また,「β版を購入しておけば,(β版より高い価格が予定されている)製品版へ無料でアップグレードできる」というキャンペーンも受け入れられ,2011年1月には購入者数が100万人を超えている(関連記事)。他人が見て感動するような世界を作るには,かなりの努力が必要だが,YouTubeなどの動画投稿サイトでは,さまざまなアイデアと工夫のこらされた驚異的な作品が見られる。このようにMinecraftにハマった人達は,自らを"Crafter"と呼んでいるようだ。

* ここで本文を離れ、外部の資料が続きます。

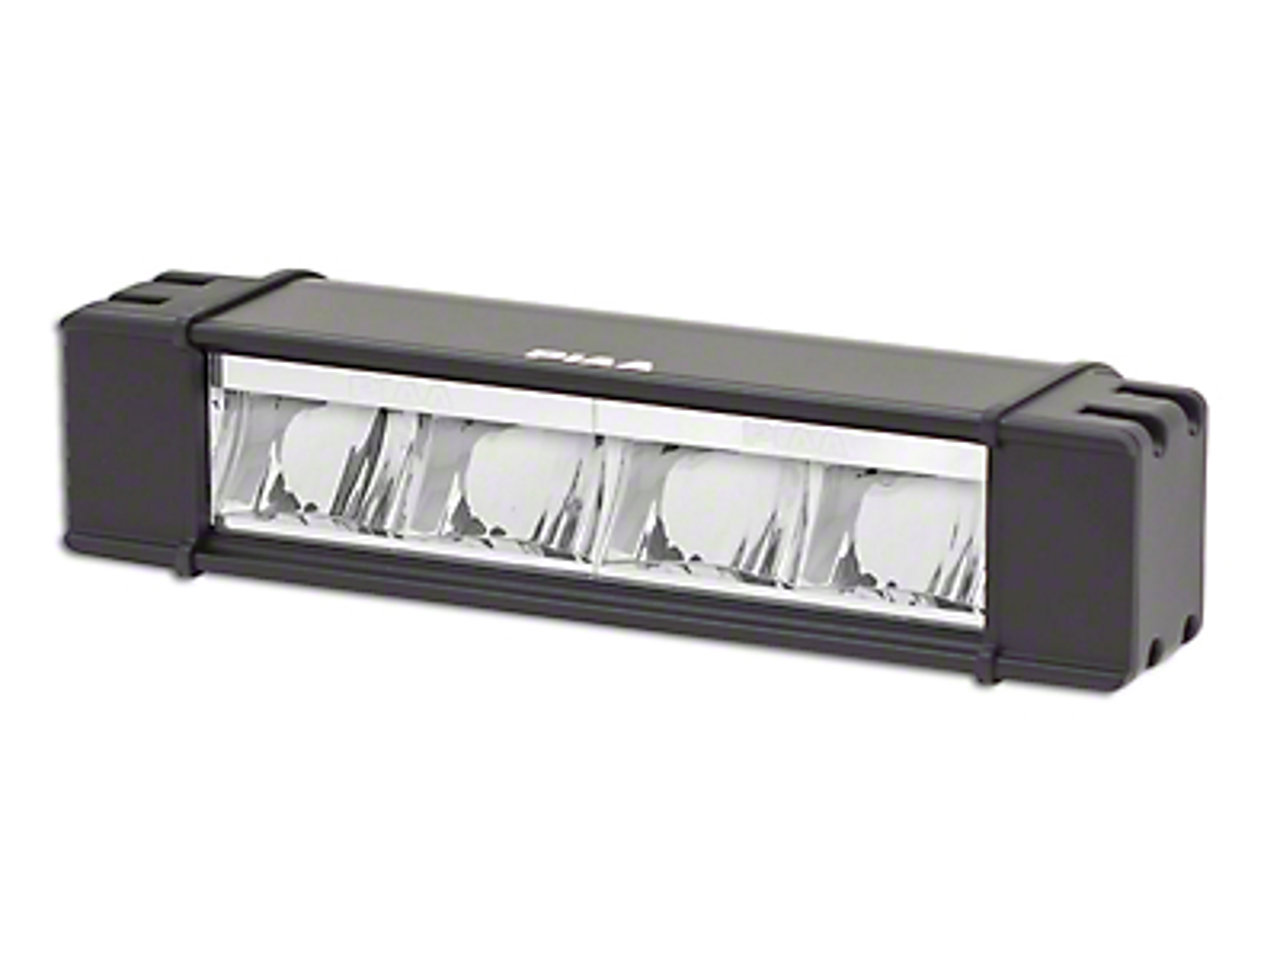 PIAA 10 in. RF Series LED Light Bar - Hybrid Beam (97-18 F-150)

そんなMinecraftを開発しているのが,Notch(ノッチ)という愛称でも知られるスウェーデンのMarkus Persson(マーカス・ペルソン)氏。「King.com」というゲームポータルサイトにタイトルを提供するプログラマーだったPersson氏は,幼い頃からプログラミングに興味を持ち,8歳の頃にはすでにPCの前に座っていたという。
Minecraftにも利用されているプログラミング言語「Java」を得意とするようで,仕事のかたわら,Javaゲームコンテストにも参加し,2006年には「Miner4K」という作品で,「サイズを4KB以下に抑えたJavaゲームのコンテスト」の大賞を獲得している。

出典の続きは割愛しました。